Don't Get Used To This
Barely Getting By
Remember your first job, first apartment, and living paycheck
to paycheck? In the beginning, just being able to make rent
and survive in the real world feels like enough -- and it
is, until you learn that there is something more beyond merely
surviving.
Even as a career matures and a certain level of financial
success is attained, there are events, crises, and circumstances
in life that can put you back in survival mode at any given
time. Sometimes it's necessary to be in that mode temporarily
because anything more is just too much to conceive of or work
toward until certain things are addressed and stabilized.
The danger over time, however, is to allow getting
by to become a way of life.
Years
ago, a career counselor had me develop her version of a zero-based
budget. The purpose was to identify the amount you need
to earn in order to cover expenses and be "at zero"
vs. in the red. That's not the target, though, just your minimal
requirement. It's the place you start from, to have a handle
on what's necessary. Next, you increase that minimum requirement
by at least 10% to arrive at your target salary level. A
great rule of thumb, but do most people round up or round
down when calculating what's possible?
Perhaps money isn't your particular challenge. You might
be rounding down and settling for just enough by:
Working at a job that kills your spirit;
Feeling fatigued too often with low energy as your norm;
Accepting dullness or decline in your relationships;
Delaying the pursuit of what you want out of life.
Settling Isn't Gratitude
Why would anyone plan to just get by? A
few reasons, yet I can think of a rebuttal for each:
- Who am I to want more? There are so many people
worse off in the world. Yes, all the more reason
to become all you can and contribute all you
can.
- Fear of failure, avoiding disappointment.
Risk is scary and failure is humbling. Regret over what
might have been is worse.
- I should just be grateful for what I have.

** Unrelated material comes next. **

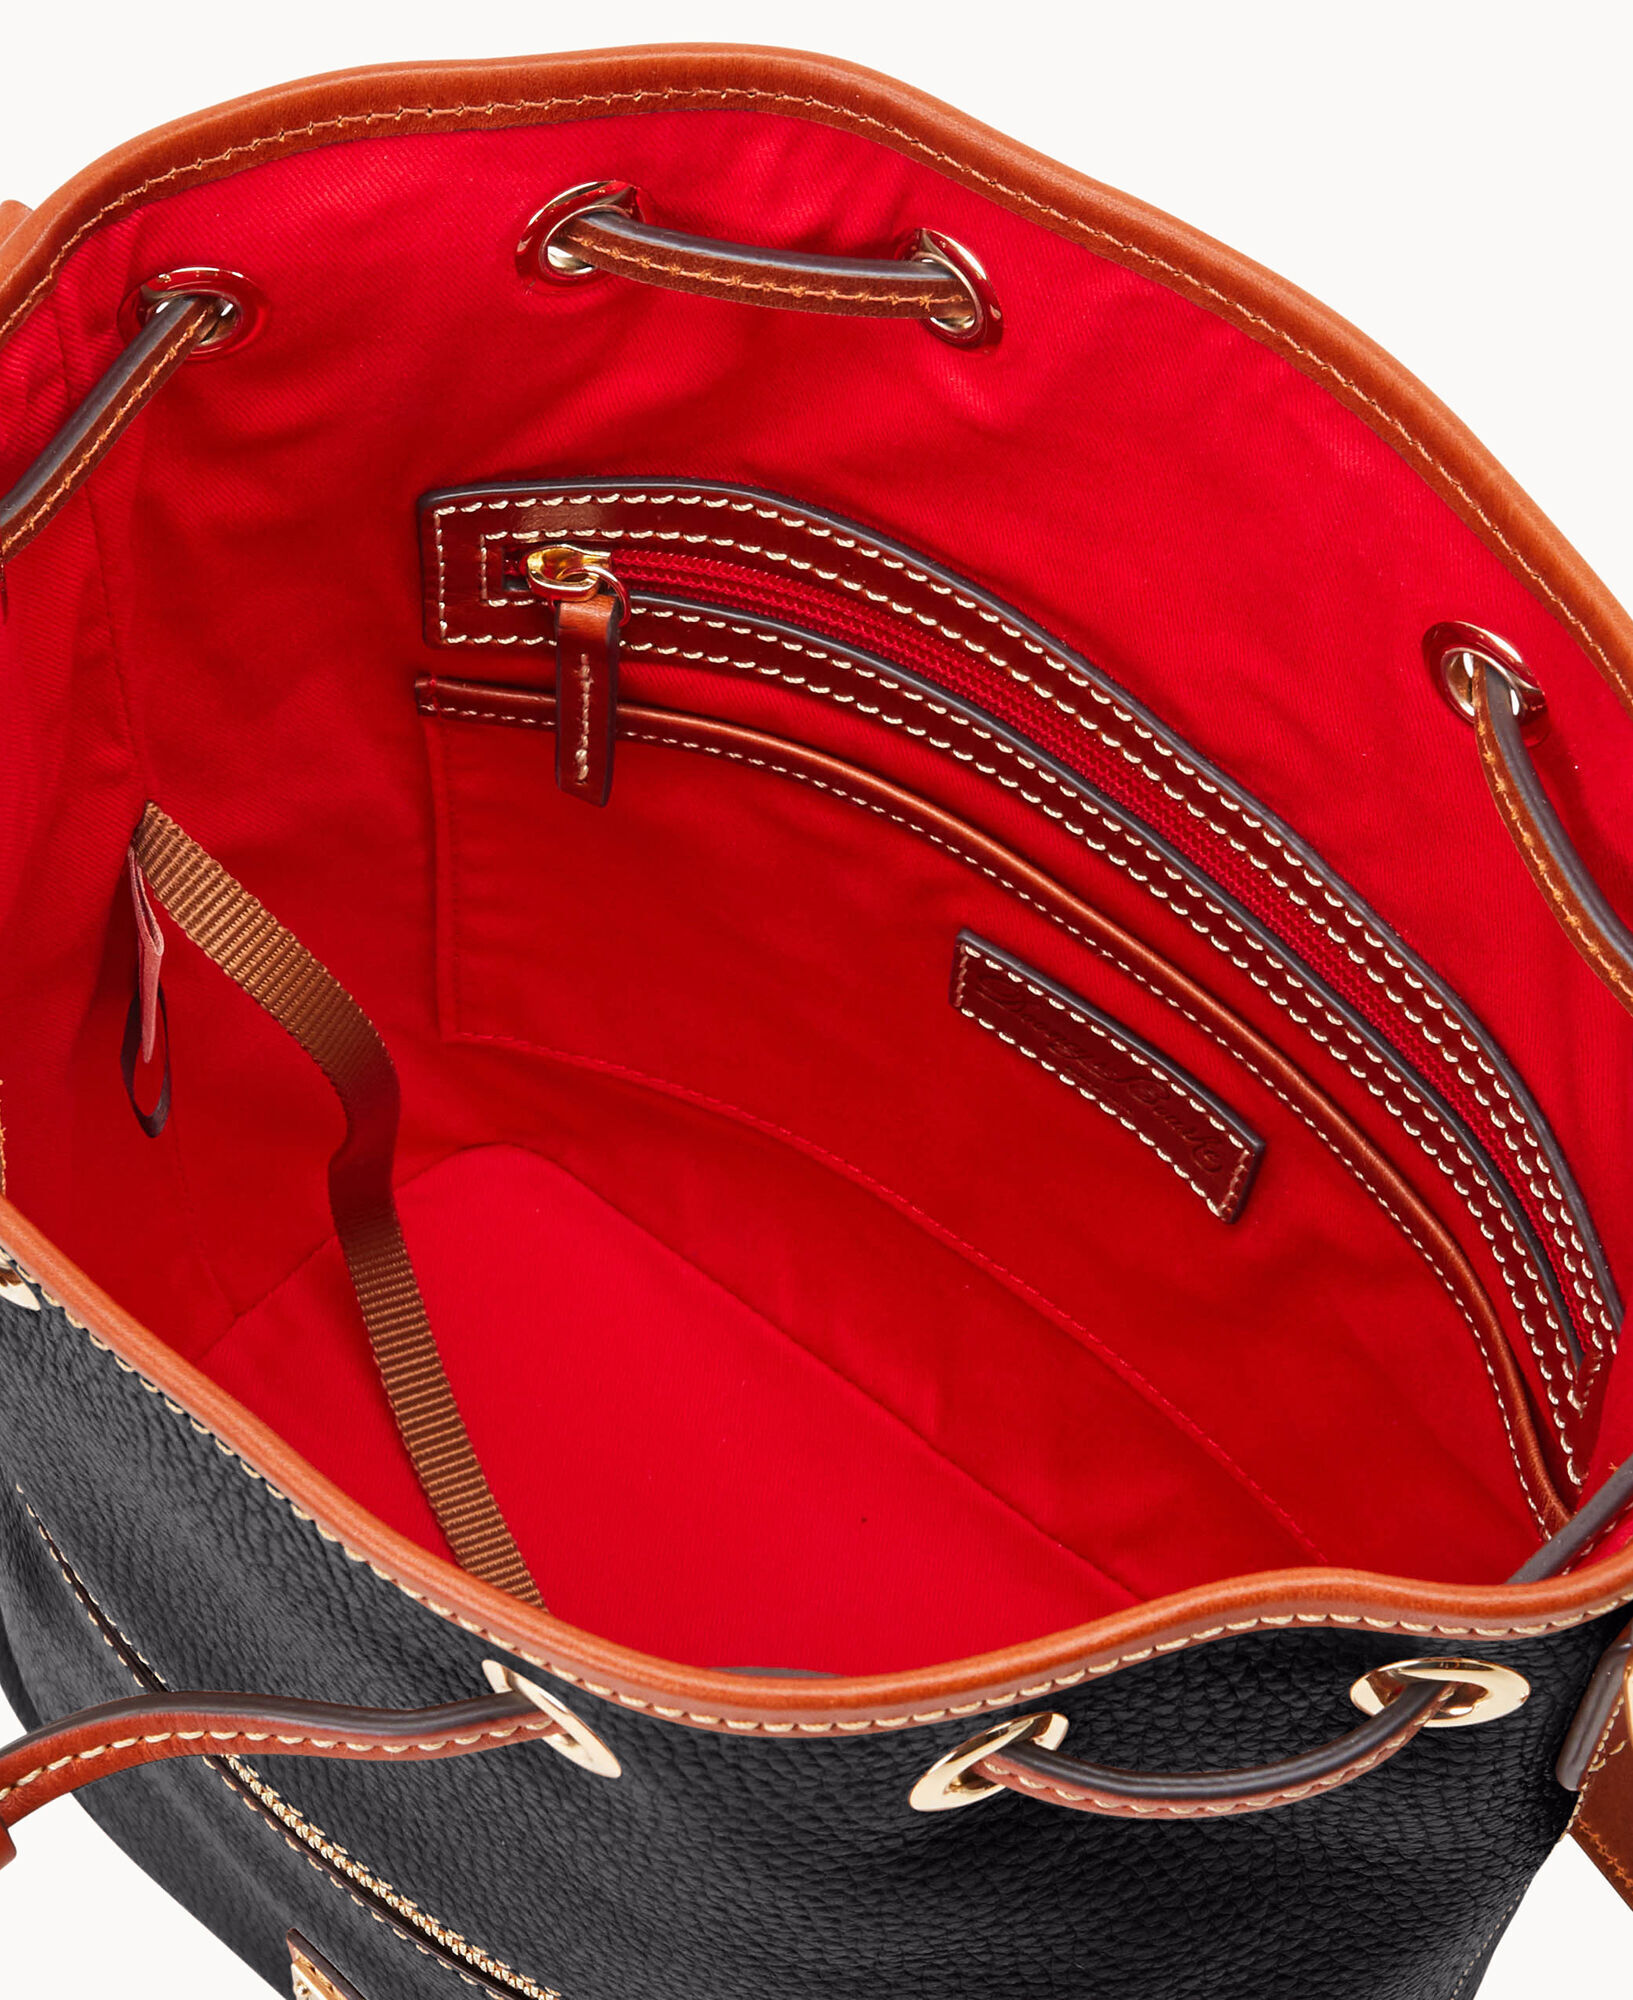 Dooney & Bourke Drawstring Pebble Leather Large Shoulder Bag

Yes, you should be! But raising the bar doesn't cancel gratitude.
In a culture of excess, it's good to realize what is enough.

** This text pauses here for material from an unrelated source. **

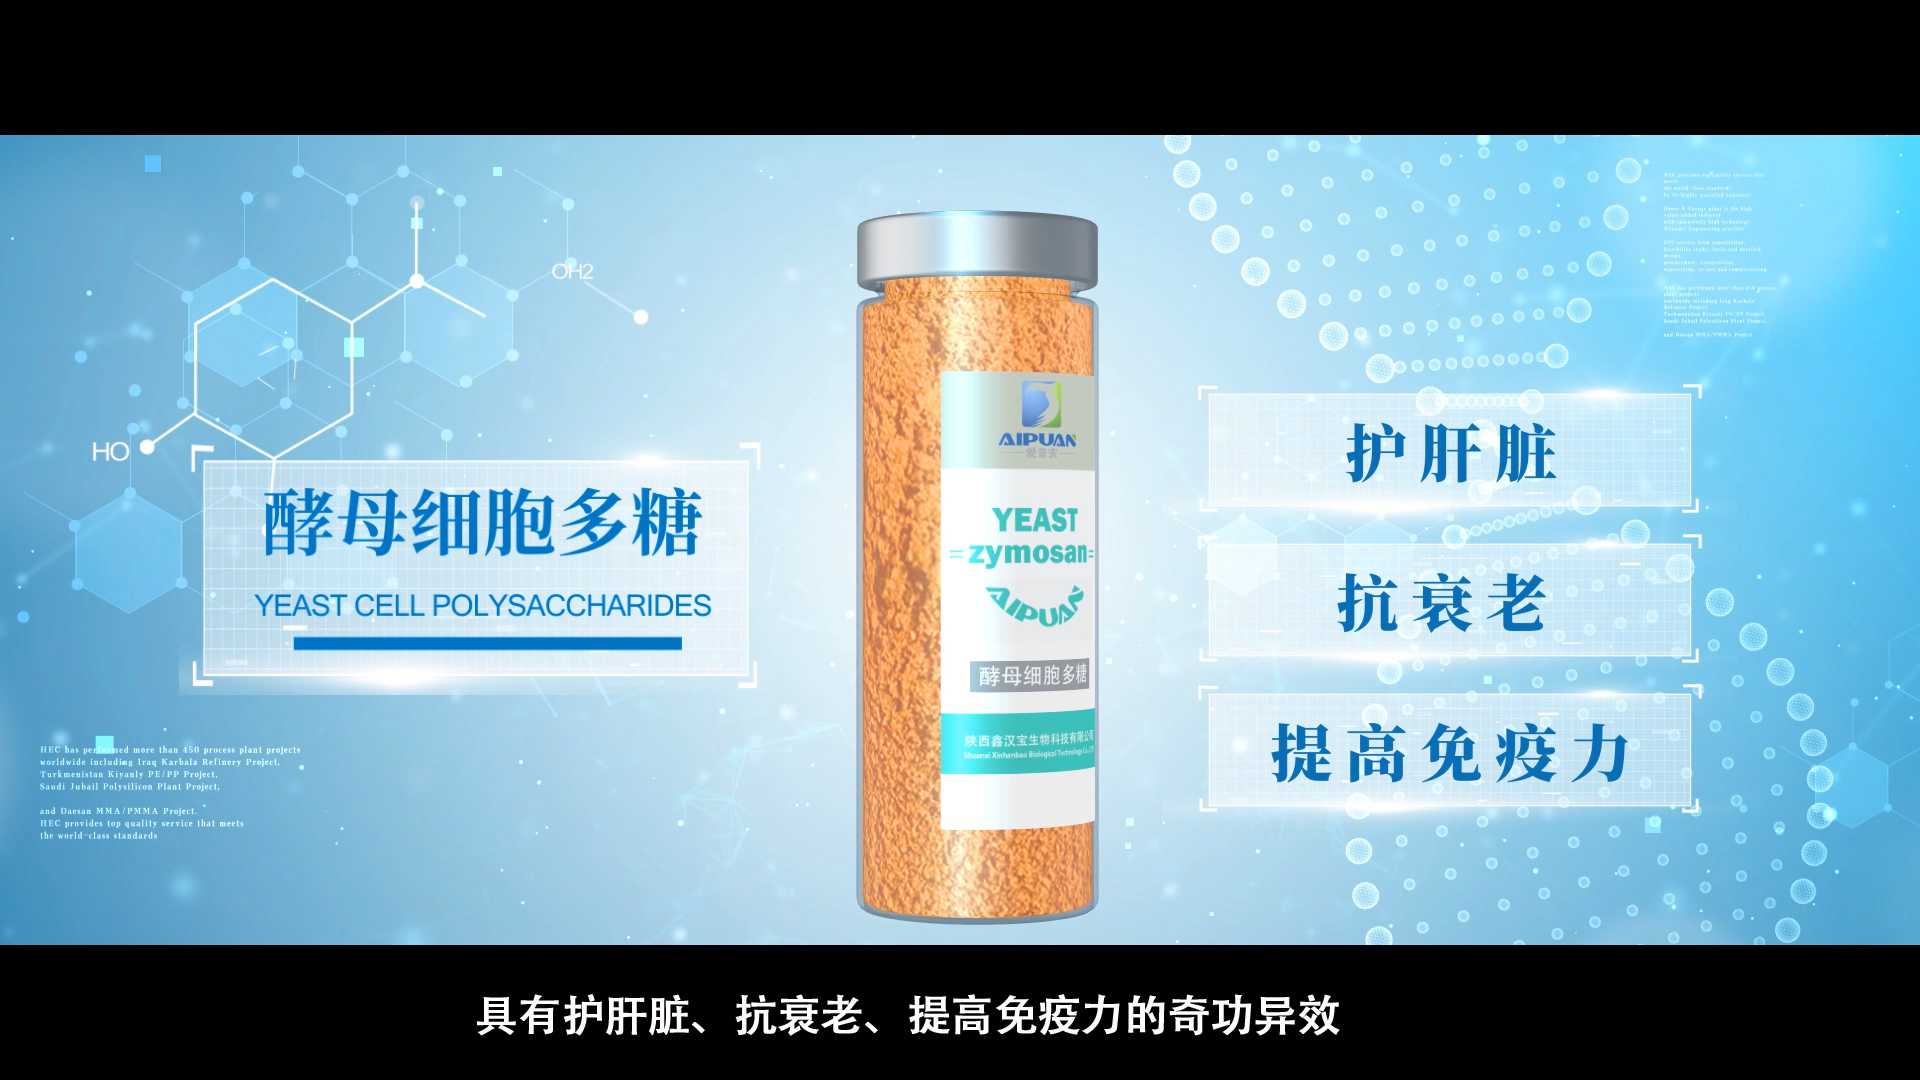 牧客影视制作的陕西鑫汉宝生物科技公司宣传片交片获赞

The bigger house, the bigger job, and the flashier car aren't
always what they're cracked up to be. Making conscious choices
and having your priorities straight is a good thing. Settling
without even thinking about it is not. Settling by
default is a spirit-crushing, self-defeating, potential-robbing
bad habit. How's that for a description?
Plan For More
Get into the habit of aiming for 10% more. You might even
find you're ready to add twenty-five or fifty percent to that
minimum requirement. Expect more, ask for more, picture more,
and prepare for more. Do more to make it happen. The declaring
and the acting go hand in hand.
This Week's Call To Action:
- Notice where you're settling and make the decision
to go for more. When you name it for yourself,
even before anything changes, it's a defining moment. If
you haven't already done so, I invite you to download the
workbook I created for you: Make
This Your Defining Moment. It's my vision for each
and every one of you to sound
your internal trumpet and go for more!
"The biggest human temptation
in life is to settle for too little."